* [Task goal] Only the lines below from the one containing "Whippets are an" through the one containing "Nasa's Mars rover" belong in the answer, set down exactly, with the pictures left out.

* [Excerpted records]
=== Begin Enclosure ===
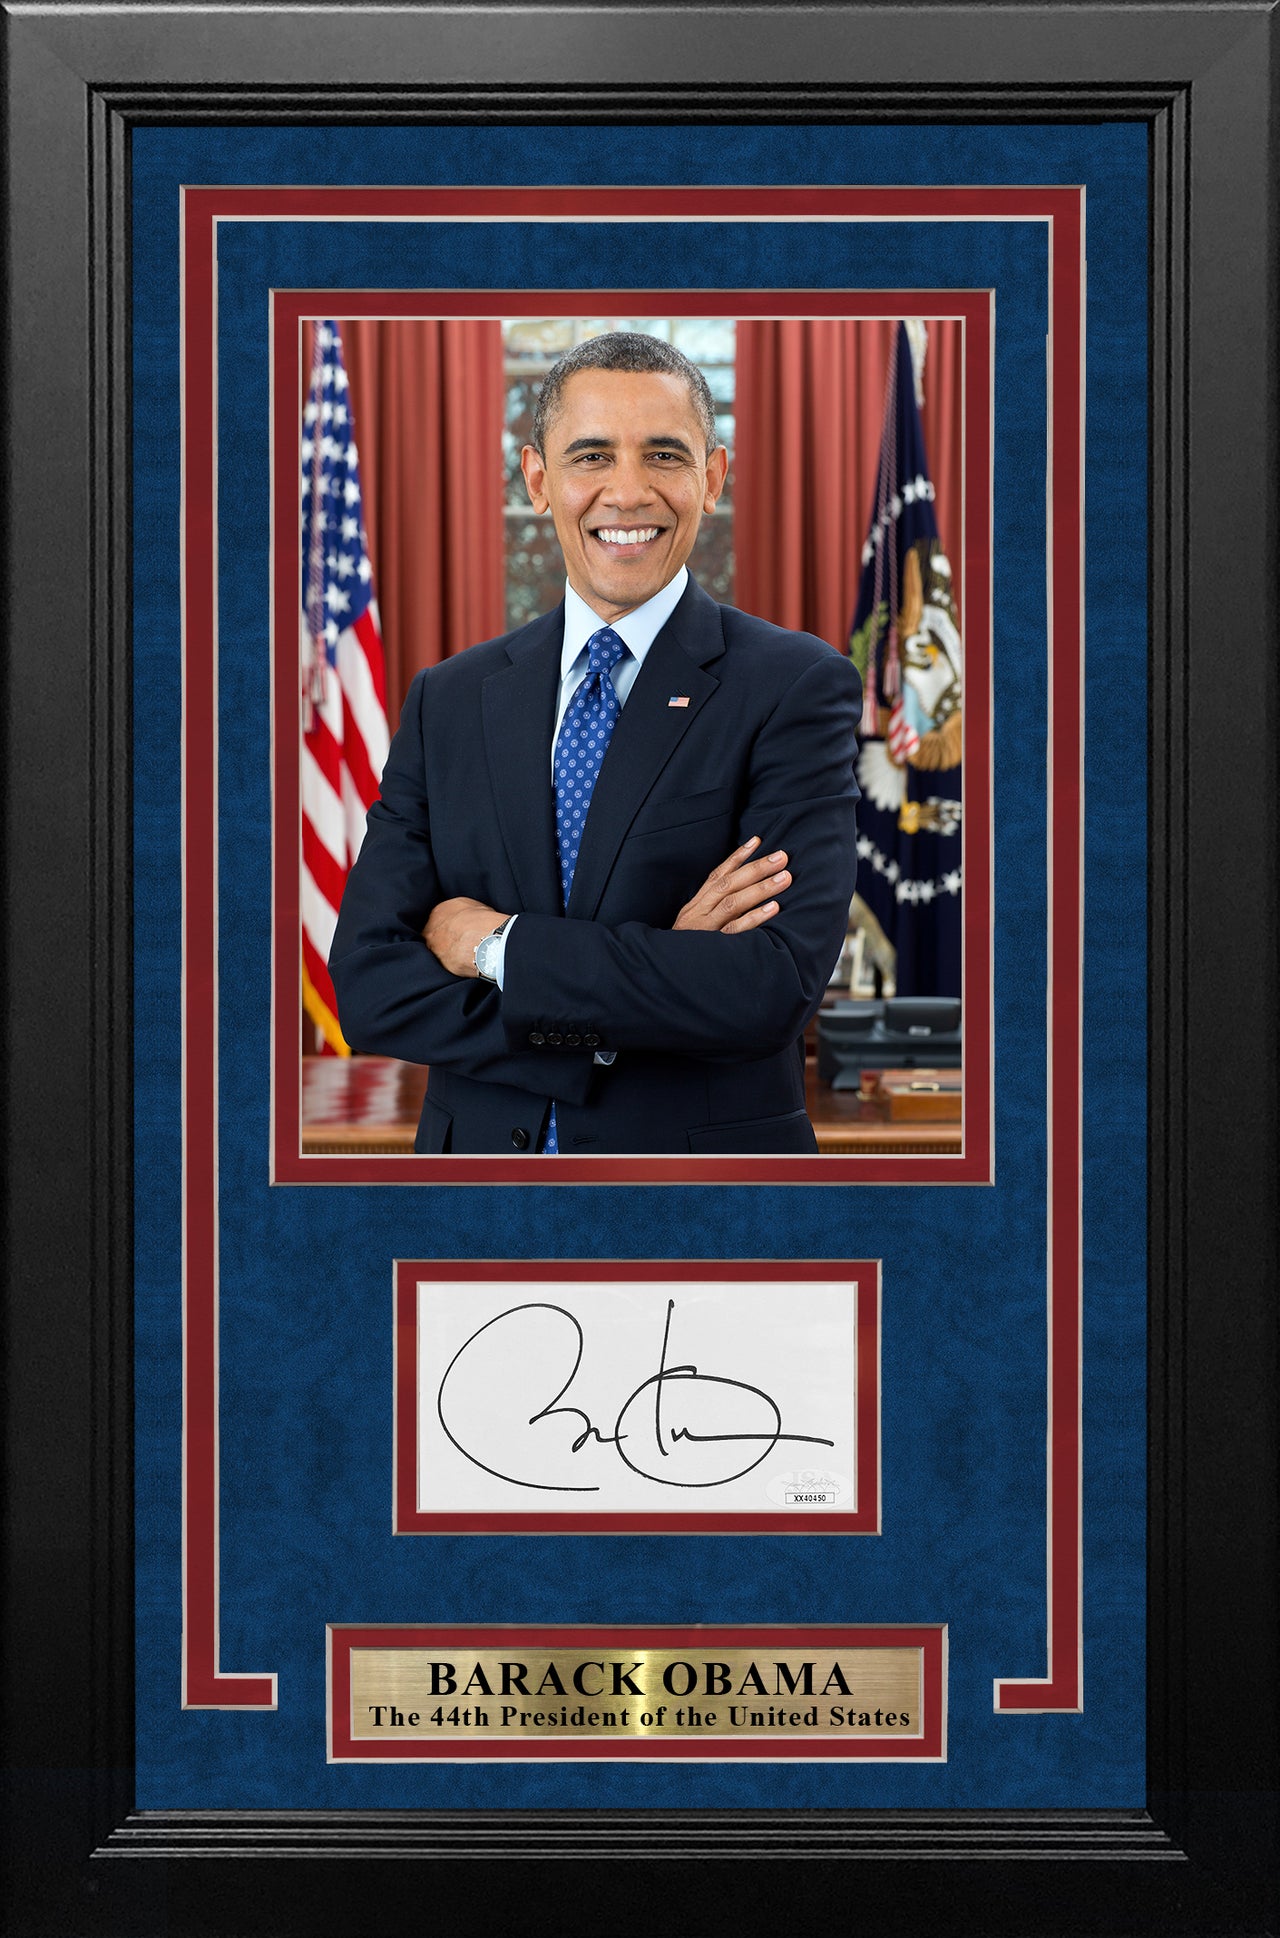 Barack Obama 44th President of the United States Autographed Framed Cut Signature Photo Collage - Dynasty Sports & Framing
=== End Enclosure ===
=== Begin Enclosure ===
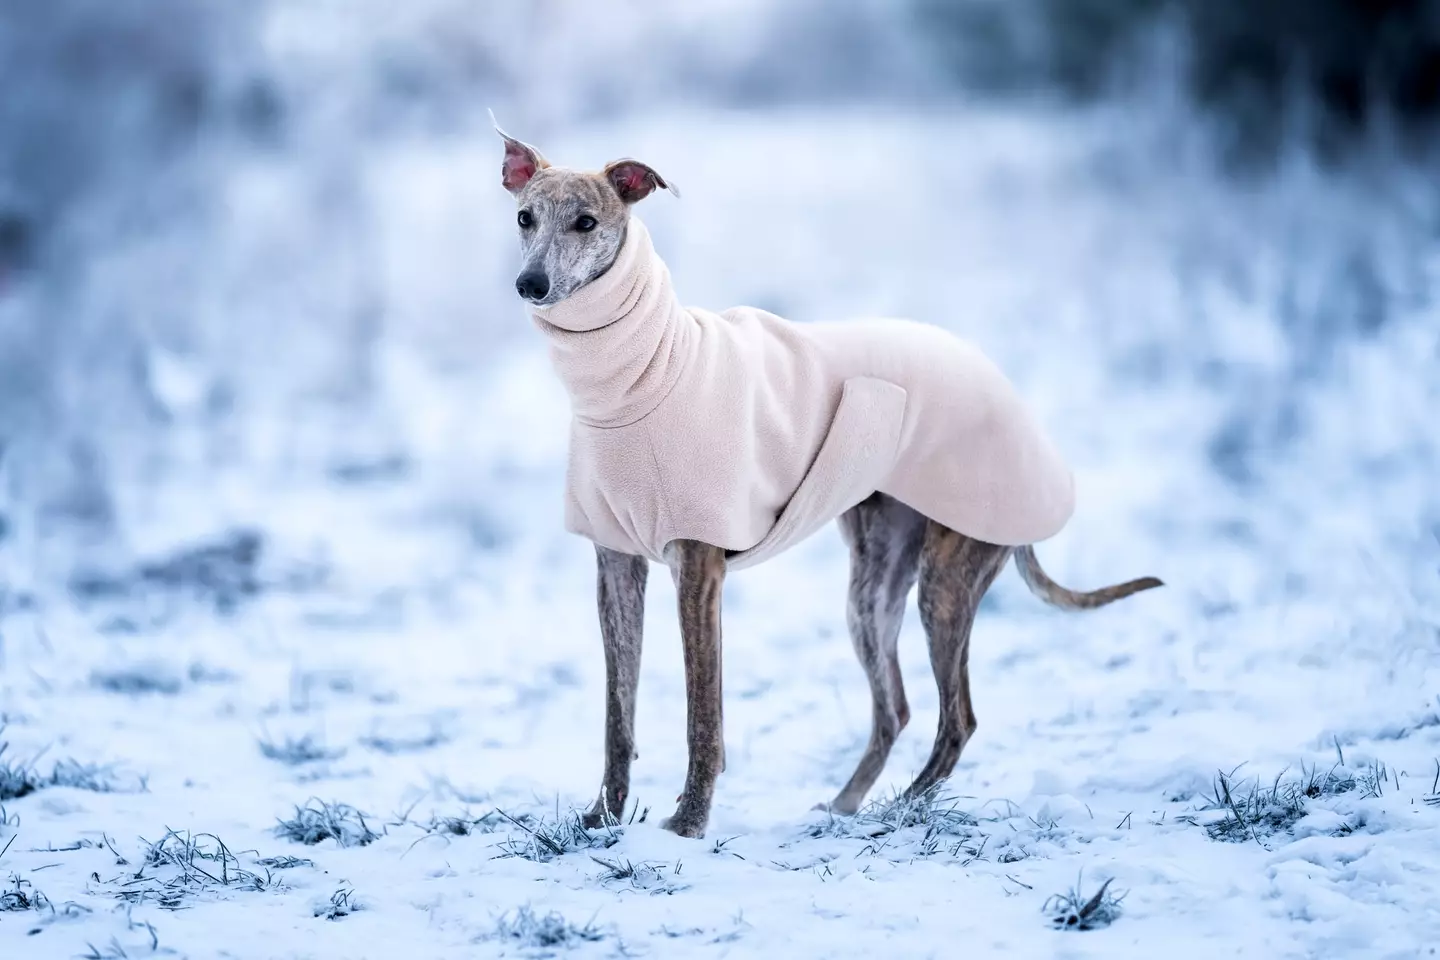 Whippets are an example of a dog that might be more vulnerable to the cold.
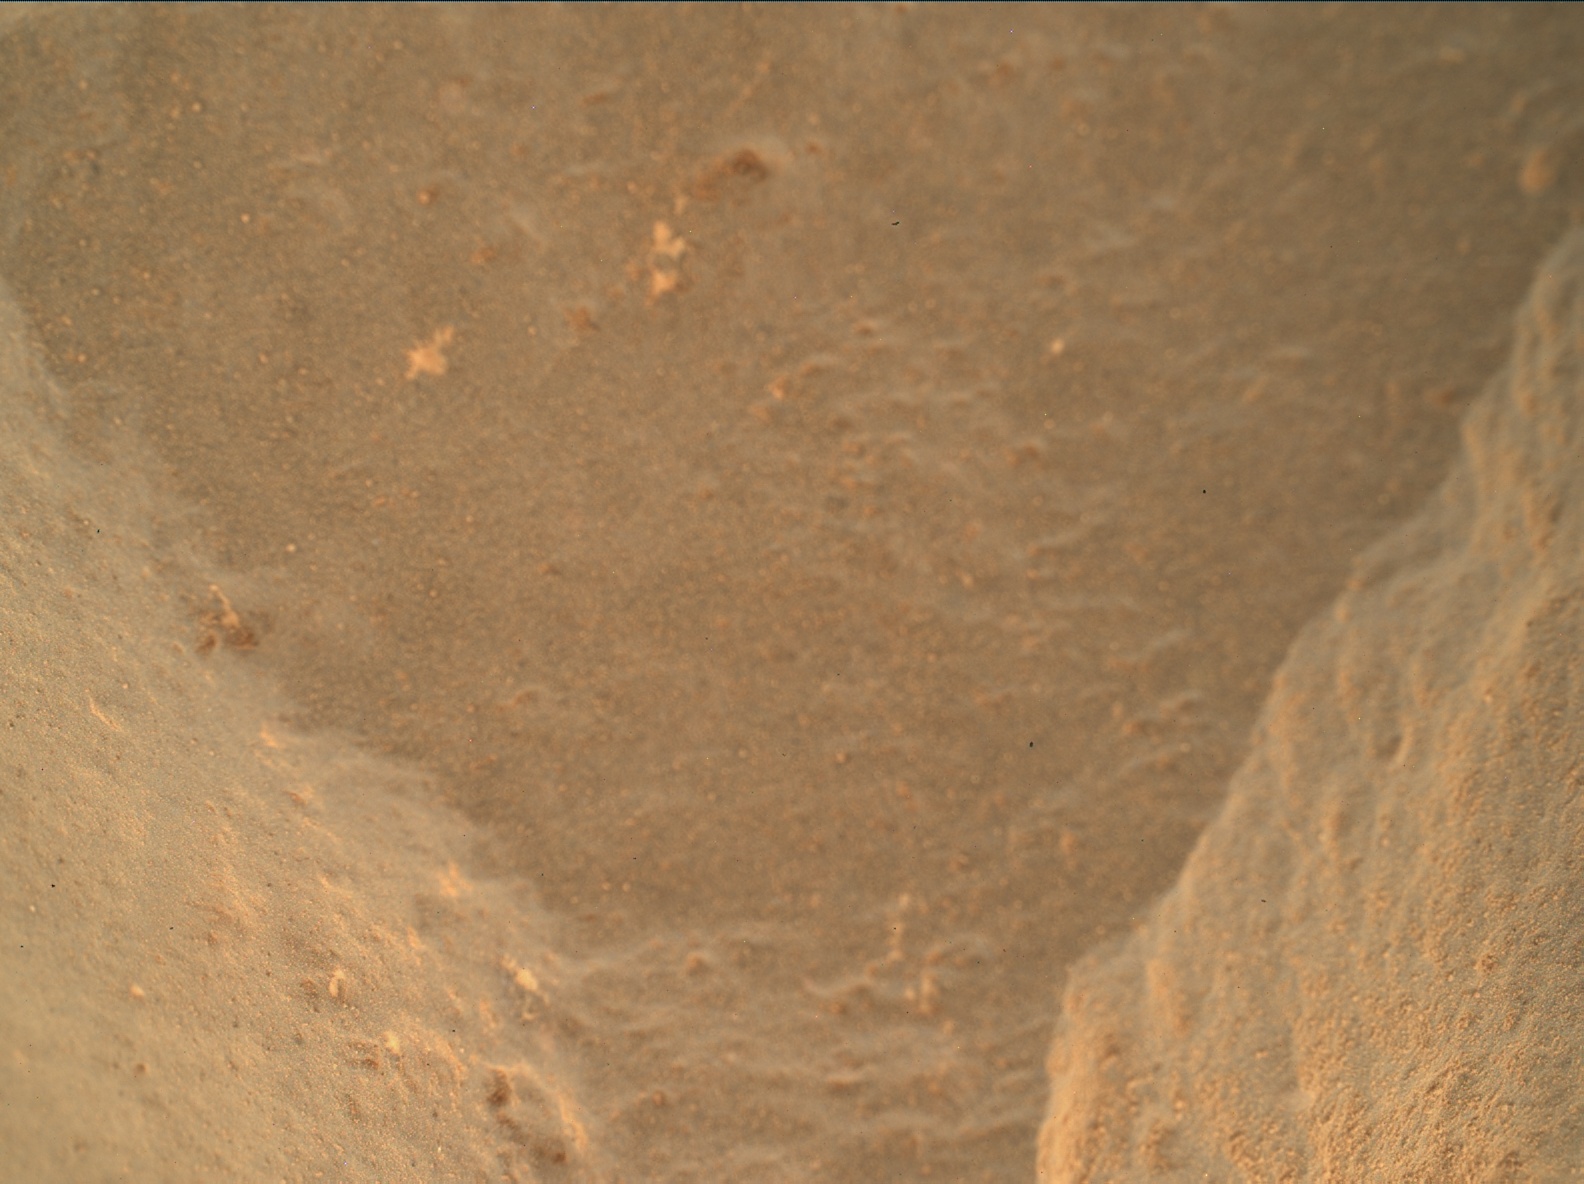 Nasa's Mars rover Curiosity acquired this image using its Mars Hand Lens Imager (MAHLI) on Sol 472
=== End Enclosure ===
=== Begin Enclosure ===
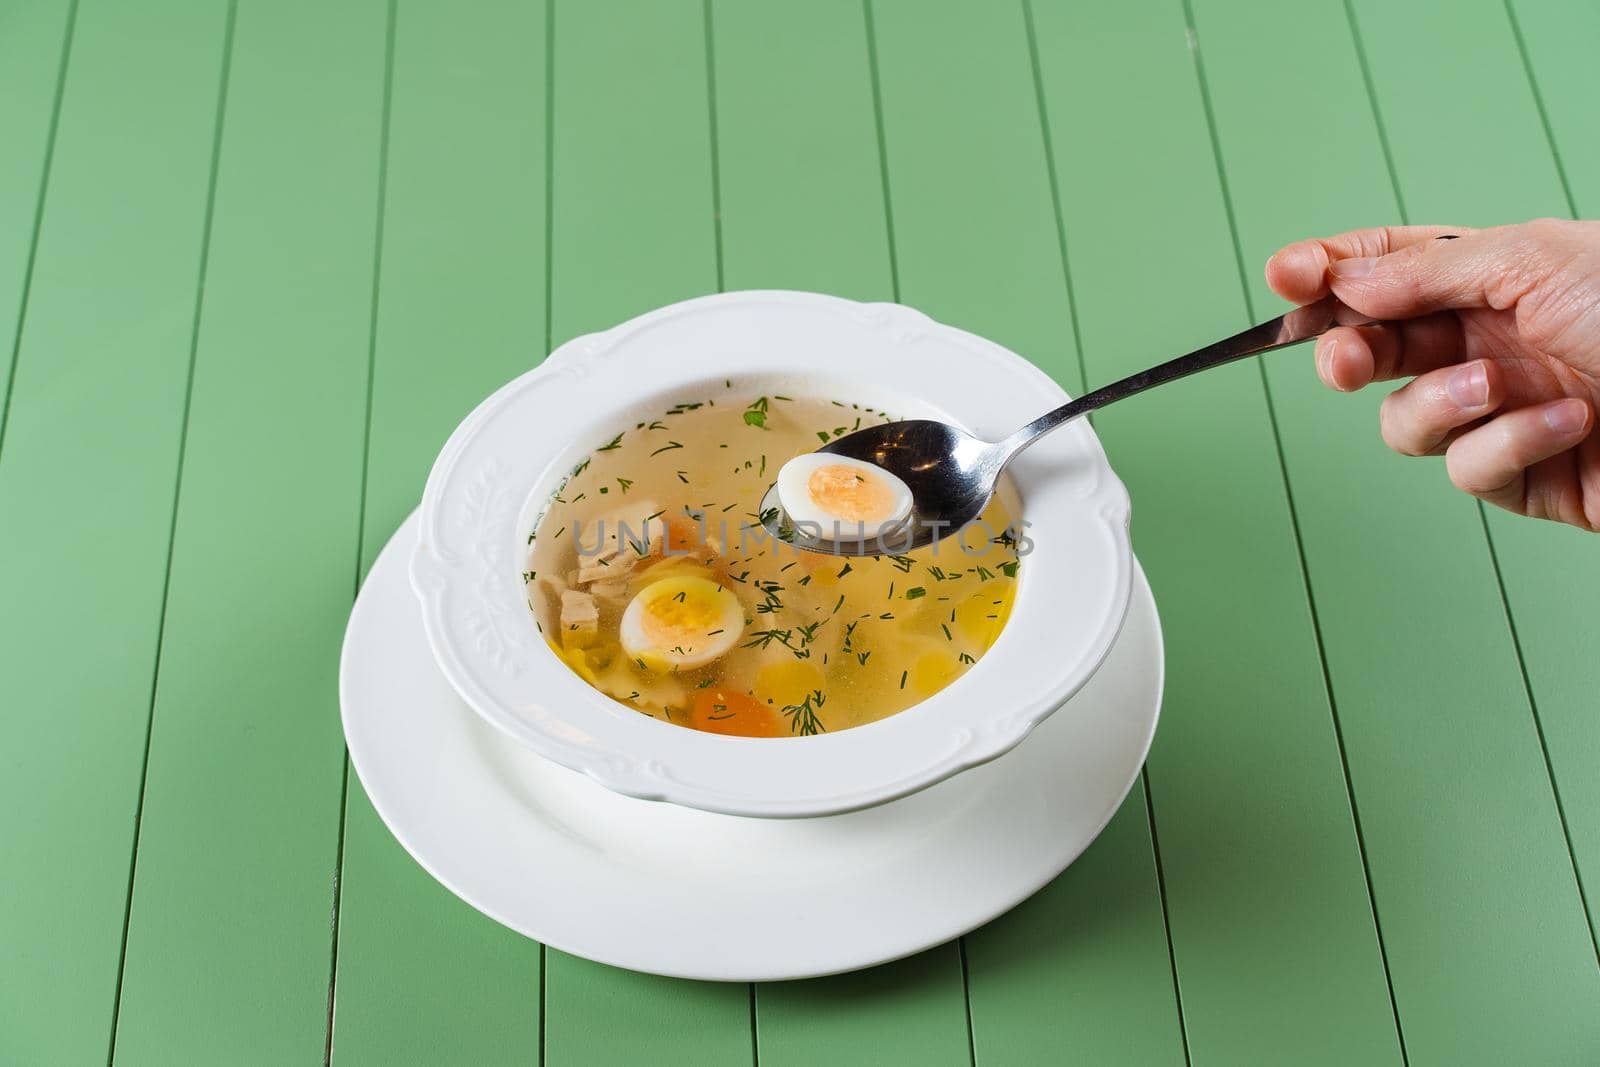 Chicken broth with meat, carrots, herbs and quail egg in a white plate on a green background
=== End Enclosure ===
* [Response box]
 Whippets are an example of a dog that might be more vulnerable to the cold.
 Nasa's Mars rover Curiosity acquired this image using its Mars Hand Lens Imager (MAHLI) on Sol 472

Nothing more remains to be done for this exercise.